Rev. chil. pediatr. v.72 n.2 Santiago mar. 2001

http://dx.doi.org/10.4067/S0370-41062001000200013 

Dolores óseos: los desafíos
en el diagnóstico diferencial

Marta Miranda A.1

1. Servicio de Pediatría, Unidad de Reumatología Infantil, Departamento de Pediatría y Cirugía Infantil Occidente, Facultad de Medicina, Universidad de Chile.

En nuestro medio, las enfermedades reumatológicas representan el 1,4% de la morbilidad pediátrica, cifra similar al 1,3 y 1,6% descrito en la literatura extranjera. Su baja incidencia, asociada a ciertas características tanto estructurales como funcionales del aparato locomotor del niño, dificultan su diagnóstico y frecuentemente se confunden con afecciones infecciosas, traumatológicas e incluso procesos neoplásicos, y por otro lado, las enfermedades neoplásicas se pueden expresar por síntomas musculoesqueléticos. Como expresión clínica inicial, estas manifestaciones no son habituales en pediatría a diferencia del adulto, donde constituyen diversos síndromes clínicos reumatológicos. Por ello, habrá que tenerlas presentes, ya que constituyen un desafío para el médico. El compromiso osteoarticular es muy variable, puede estar presente desde el comienzo o en cualquier momento del curso evolutivo de la enfermedad. Puede aparecer en forma primaria, como sucede en los tumores óseos o articulares, ser el resultado de una extensión a distancia, como en las metástasis óseas, o ser expresión de una complicación de la enfermedad como las fracturas patológicas o secundarias a la terapia como son las necrosis óseas asépticas.

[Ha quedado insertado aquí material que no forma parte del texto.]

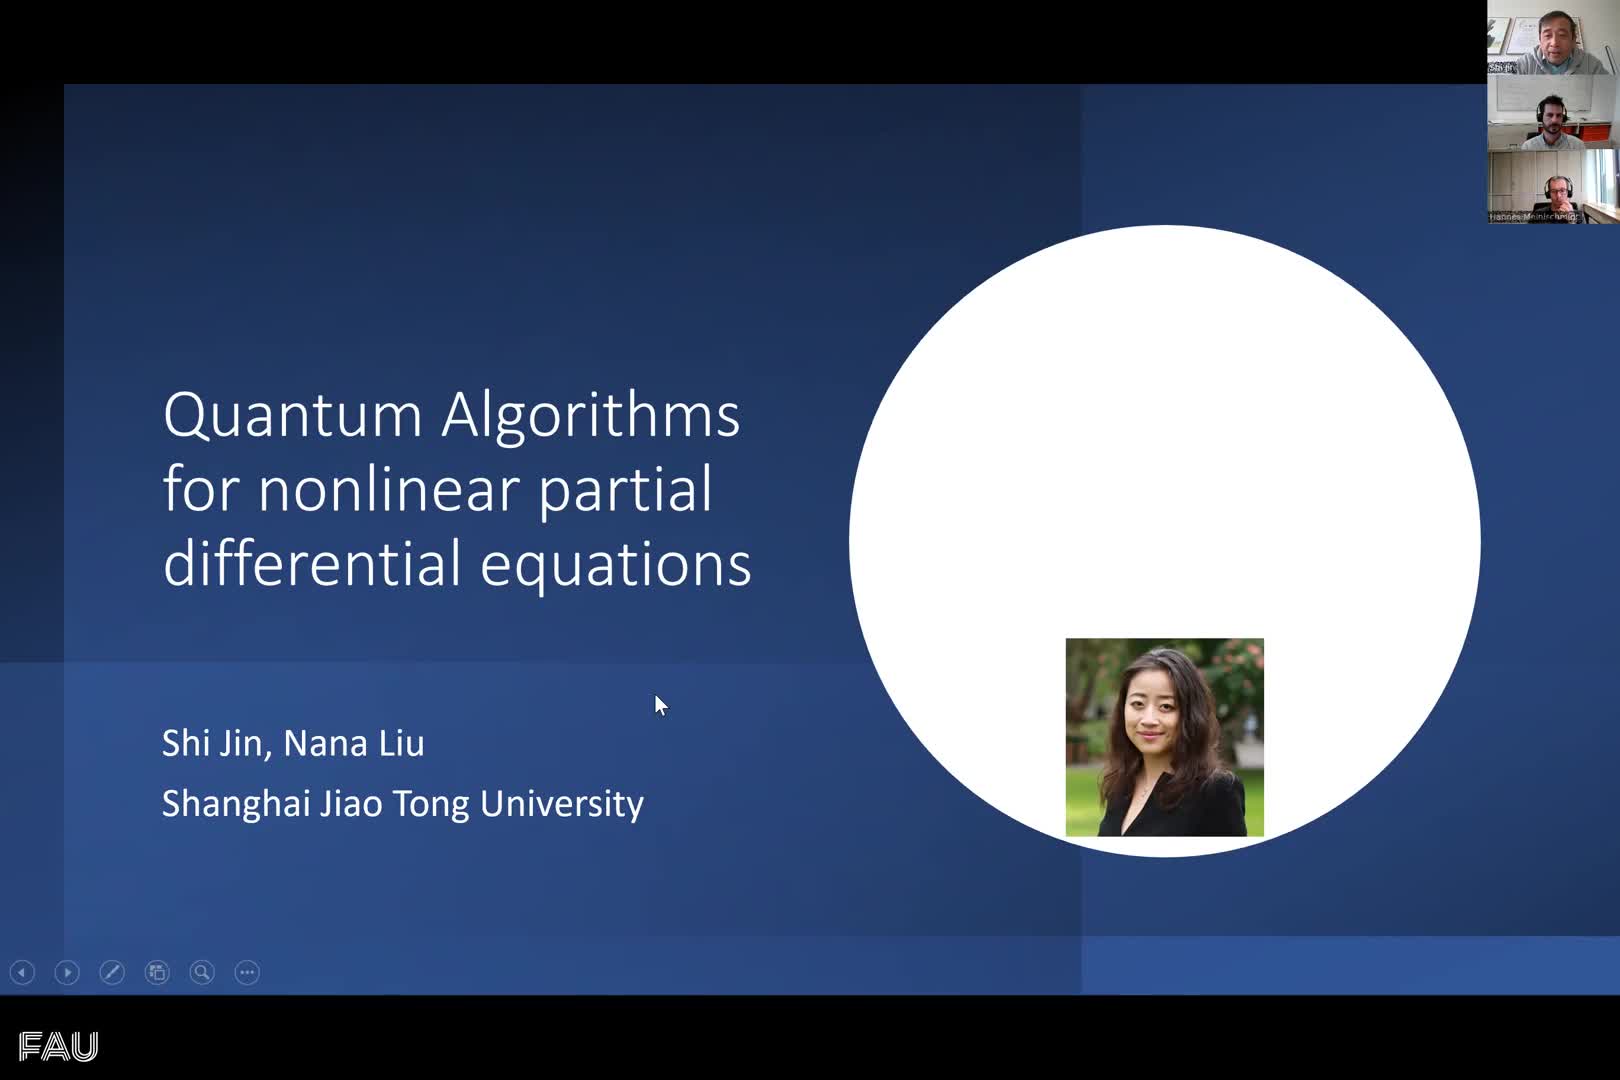 Quantum algorithms for nonlinear partial differential equations (Shi Jin, Shanghai Jiao Tong University) preview image

La relevancia de los síntomas del aparato locomotor puede sugerir diagnósticos errados de afecciones traumatológicas, ortopédicas o reumatológicas, por lo que muchos de ellos reciben tratamientos con antiinflamatorios no esteroidales o corticoides enmascarando y retardando el diagnóstico por disminución de síntomas y signos de la enfermedad de base1.

Por lo anterior es necesario tener una visión panorámica de las afecciones reumatológicas para conocer los hechos que pueden servir para el diagnóstico diferencial con las neoplasias.

La forma de enfocar los distintos reumatismos infantiles puede ser diversa, ya sea siguiendo la clasificación de Cassidy- Petty (1995) que los ordena en ocho grupos según presencia de inflamación o no; displasias; desórdenes hereditarios; enfermedades por depósito; afecciones metabólicas; enfermedades sistémicas con manifestaciones musculoesqueléticas; hiperostosis. También se puede analizar tomando en cuenta el número de articulaciones afectadas: monoartritis o poliartritis, o según el compromiso regional articular periférico o axial. Sin embargo, tiene más utilidad práctica ordenarlos de acuerdo a su frecuencia según edad presentación2.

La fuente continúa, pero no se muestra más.